State Highway 349 (SH 349) is a 194.43 mi state highway in the western part of Texas, United States.

==History==

The original formation of the highway on August 3, 1943, included only the section from Rankin to Midland, replacing FM 9. On April 30, 1947, FM 306 and FM 177 were redesignated to form the segment of SH 349 from Midland to near Lamesa. The section from Sheffield to Rankin was added on October 24, 1956, by redesignating part of SH 51.

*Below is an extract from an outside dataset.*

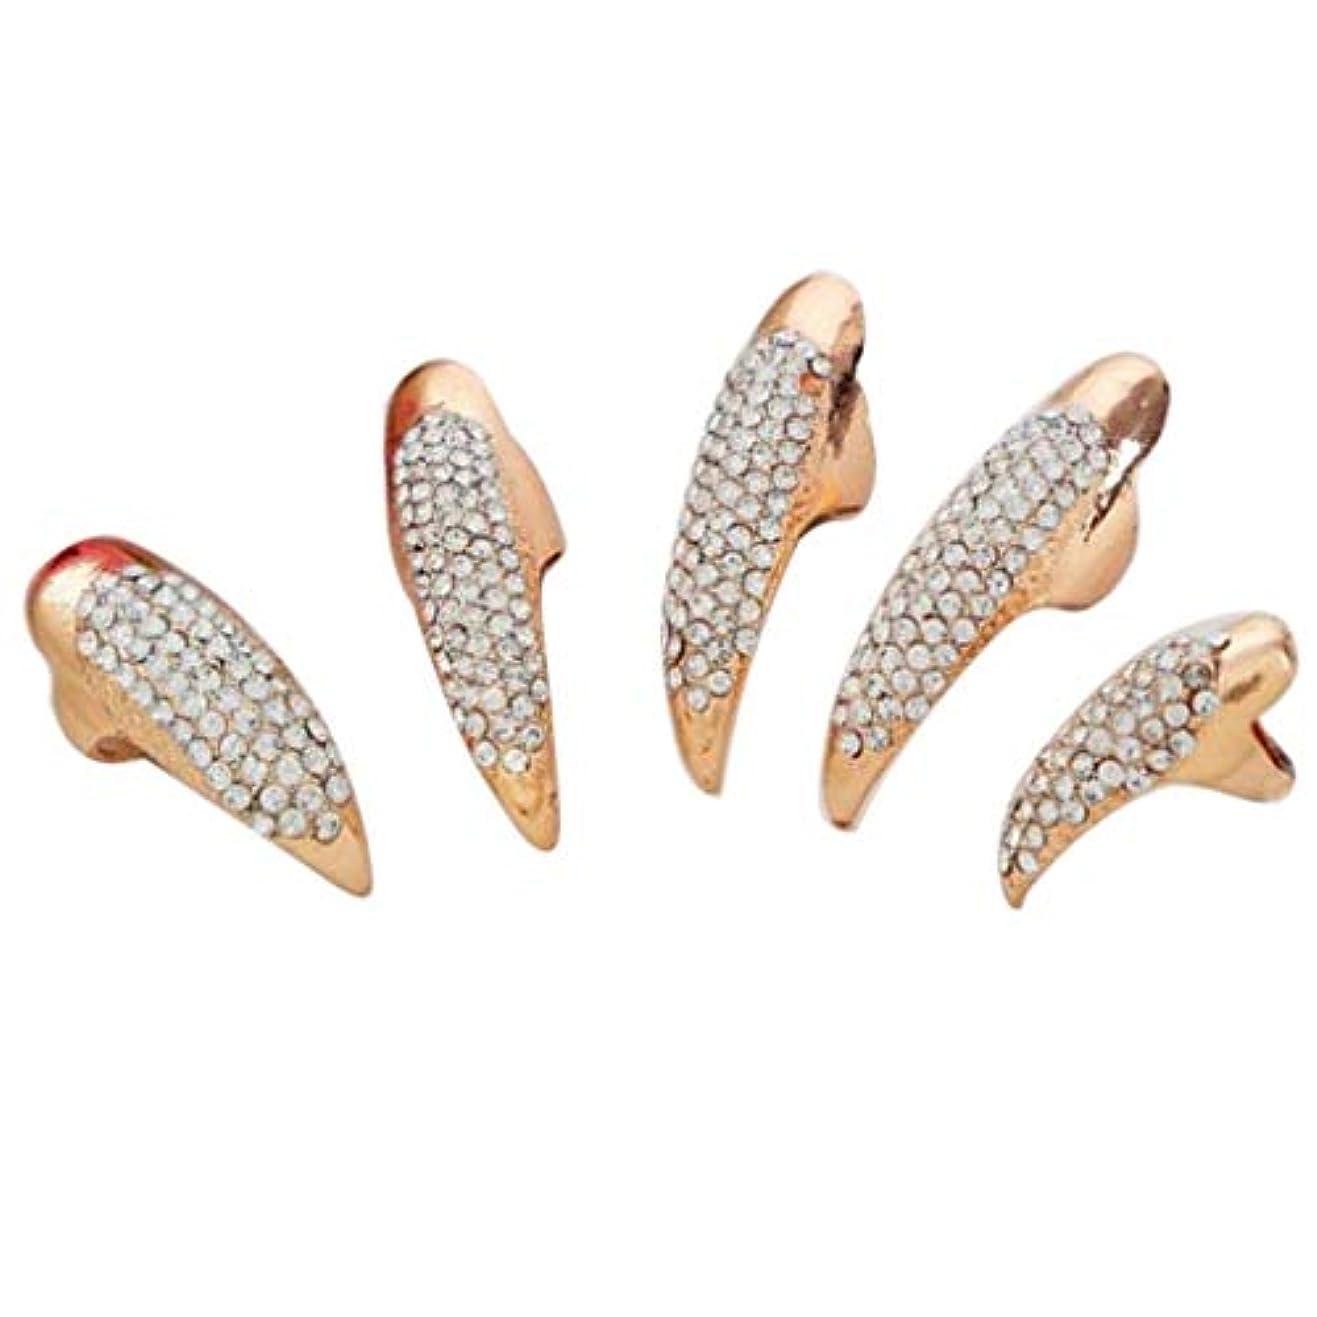 同情ファイル一目Toygogo ネイルリング チップリング 爪の指輪 指先の指輪 ネイルアート アクセサリー 2色選べ - ゴールデン

The part of SH 349 south of Sheffield was Farm to Market Road 1217, which was designated on July 14, 1949, from Dryden northward 5 mi. FM 1217 was extended to the northeast 3.2 mi on May 23, 1951, 7.0 mi on December 18, 1951, 14.0 mi on December 17, 1952, and 2.3 mi on April 24, 1954. The designation was extended 10.0 mi on September 29, 1954, to the end of FM 1749, which was cancelled and combined with FM 1217, adding 17.8 mi and bringing its southern terminus to Sheffield. On December 13, 1956, FM 1217 was signed, but not designated, as part of SH 349. On August 29, 1990, FM 1217 was officially renumbered as SH 349. On July 31, 2003, SH 349 was rerouted around Midland.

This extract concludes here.